SeaSongJac 3 points 2y ago
Hi! Thanks for sharing your world with us. I am not blind or sight-impaired. I have a couple of blind friends in the US that I help out from time to time and even got to meet one of them in person this fall and was quite fascinated by all the tools they have to navigate their world. That must be incredibly frustrating for you to not have access to those resources. If you need someone to read for you or help you with you French homework, I would be glad to help out in my spare time. We are probably on the same timezone as I am currently on the East coast of the US. I speak fluent French as my second language and absolutely love helping people wherever I can. So if there is a way I could help you with your French over the internet, let me know.
browneye54 2 points 2y ago
Hi! Blind person from another developing country here. Just want to say I empathize with you and resonate with everything you described
siriuslylupin6 1 points 2y ago
I know someone from one of the least developed nations. Png papua new guinea. It’s very similar. There’s only one blind school in the entire nation. There’s exactly one braillist/braille transcriber. How is it done. At the moment you go ask him or his adoptive mother.. Okay can you braille this for me? He has a person who reads him stuff and he brailles it. he can spend hours doing this at work. I joked with him that he was a human embosser. I hear his education is difficult. I don’t even know if he has the skill to live alone but at 36 he lives with his adoptive family who steals things from him and drives him everywhere. His real family is at the coast of png and so he needs to go to the school in the highlands which is one of the unsafer parts about 1 or 2 miles away from port morisbe png. The school is in a wooden building. They have a braille embosser but it’s so valuable they sort of use it sort of don’t I think the adoptive woman sort of use it for bigger projects like books. They don’t use screen readers much this blind guy I knew is deemed smart because he kind of knows jaws and nvda I think it’s mostly nvda. He told me that not a lot of others knows this stuff most blind people just sit at home and do nothing. He had to go to his blind school to charge his stuff. He was trying to acquire more knowledge for nvda and jaws and his android. He barely knows how to use them but is a very smart blind person in his country. He’s used to teach kids to use jaws.

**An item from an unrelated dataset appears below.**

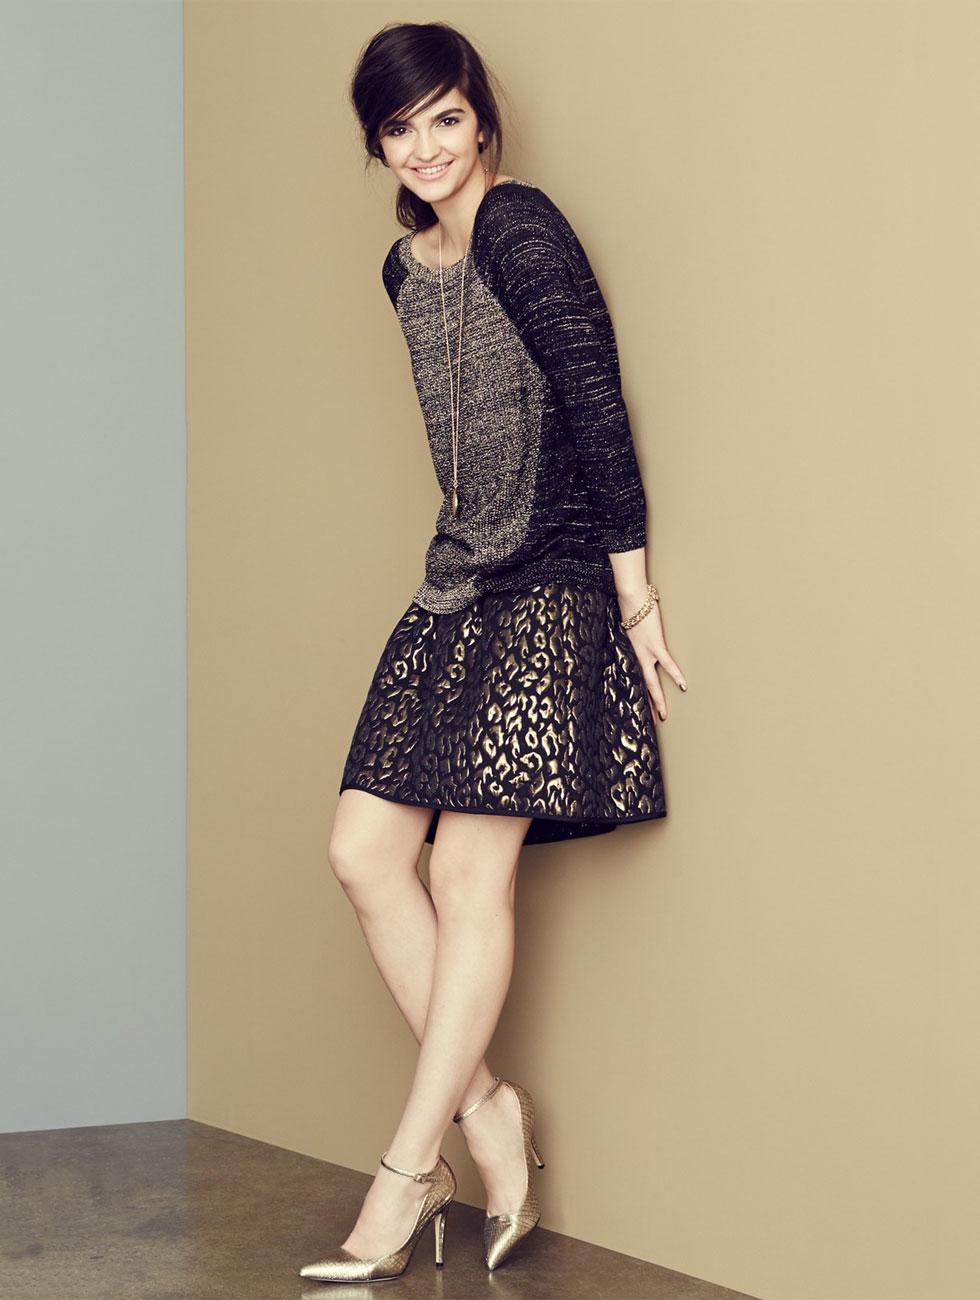 bumper-knitwear-feature-image@2x

There’s probably more but I am either forgetting them or he didn’t tell me.
Early-Time 1 points 2y ago
Thank you for sharing. This is worse than I knew.
In the US it is much better, though people still park carelessly on sidewalks—though I believe it’s not out of spite, just people not knowing better.
bradley22 1 points 2y ago
My only suggestion would be iimigrate if you can but I understand that's not as easy as it sounds.